Na sua relação com os atores, por sua vez, Artaud assumia uma característica centralizadora, pois via o trabalho do ator em função da encenação e não como expressão da personalidade do mesmo. Artaud, portanto, condenava o tipo de ator que tentasse se impor no ritmo da peça, pois, para ele: "A própria orientação dos nossos espetáculos exige atores fortes, que serão escolhidos não em função de seu talento, mas em função de uma espécie de sinceridade vital, mais forte do que suas convicções."

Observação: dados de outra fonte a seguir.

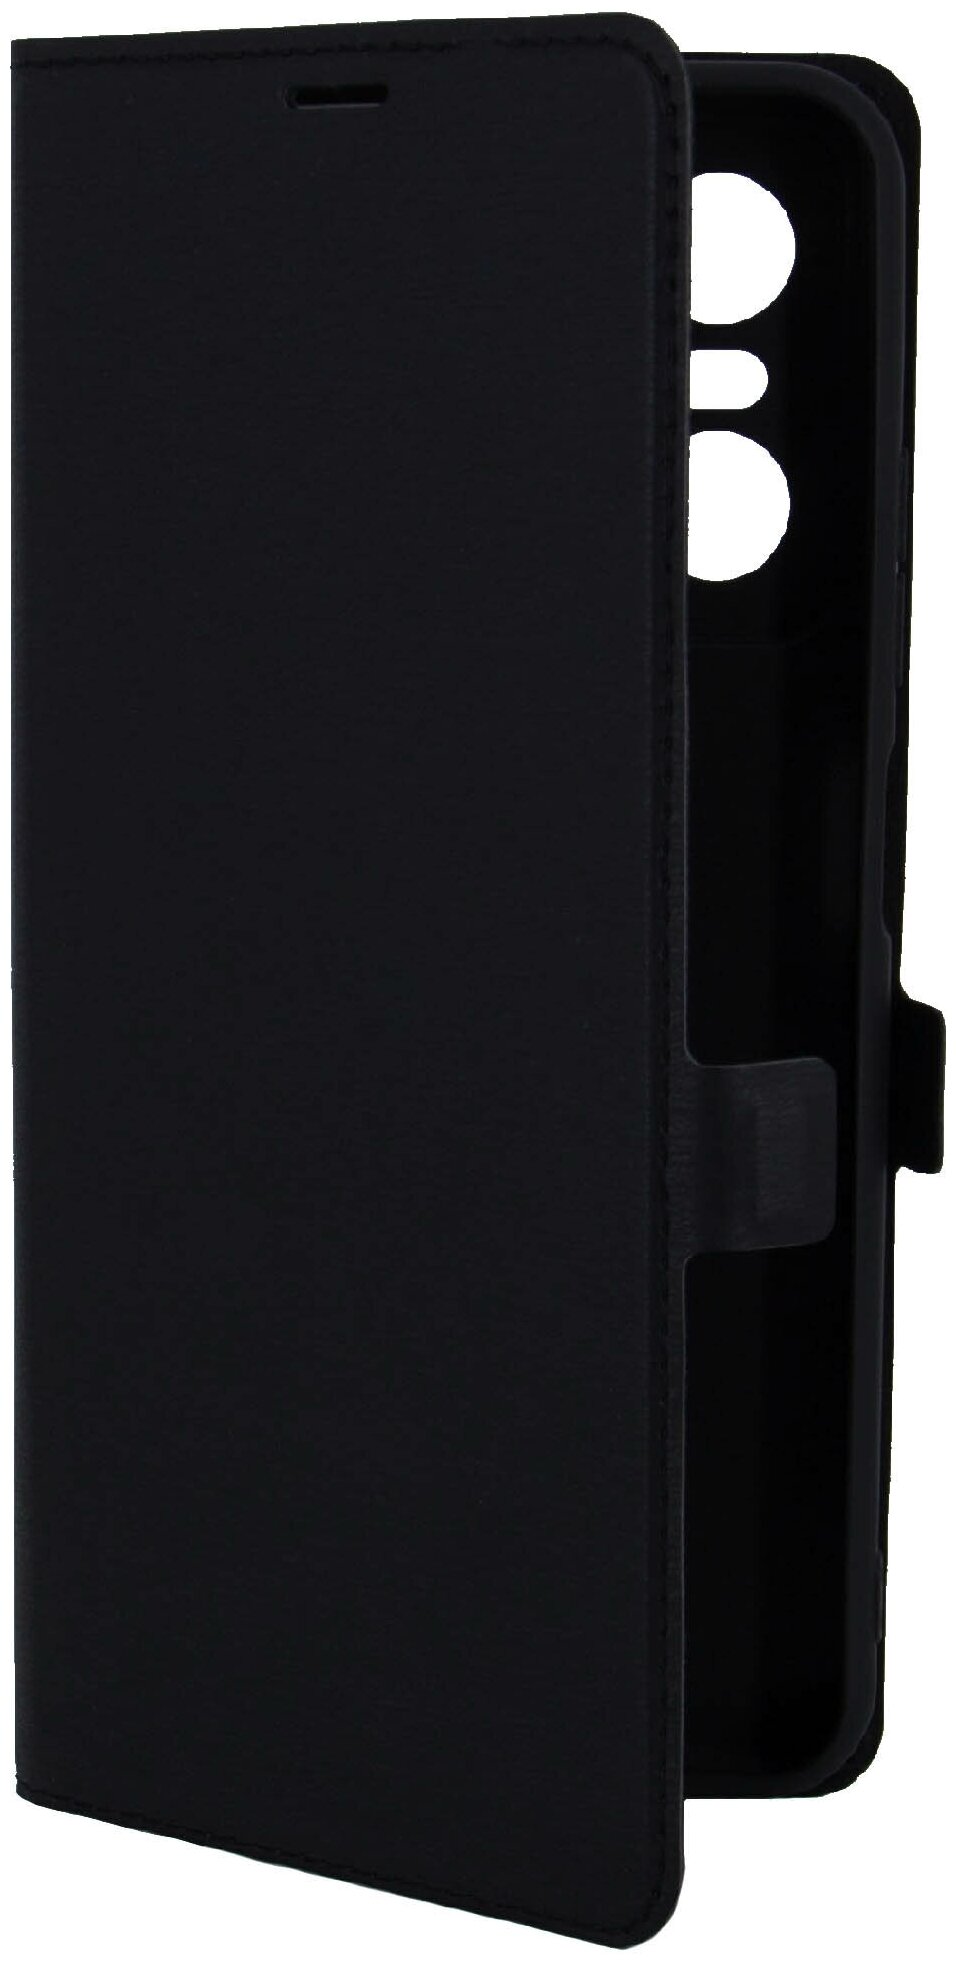 Чехол на Tecno POP 6 Pro (Техно ПОП 6 Про) черный чехол книжка эко-кожа с функцией подставки отделением для карт и магнитами Book case, Miuko

Enfim, o sentido dado por Artaud, para definir o seu Teatro da Crueldade, era um sentido cósmico, sem o qual não haveria vida, nem realidade. A crueldade poderia ser traduzida como um turbilhão de vida, núcleo de criação, é o teatro no sentido de criação contínua. Artaud chega a realizar algumas peças por sua vida, como dito acima. Mas, a partir de 1937, passa a ser internado em vários manicômios franceses, sendo que, depois de 6 anos passando por tratamentos duvidosos, é transferido para o hospital psiquiátrico de Rodez, onde permanece 3 anos, escrevendo cartas para não perder a lucidez, mas, neste mesmo lugar, recebe eletrochoques que lhe prejudicam a memória e o corpo.
Gustavo Bastos, filósofo e escritor.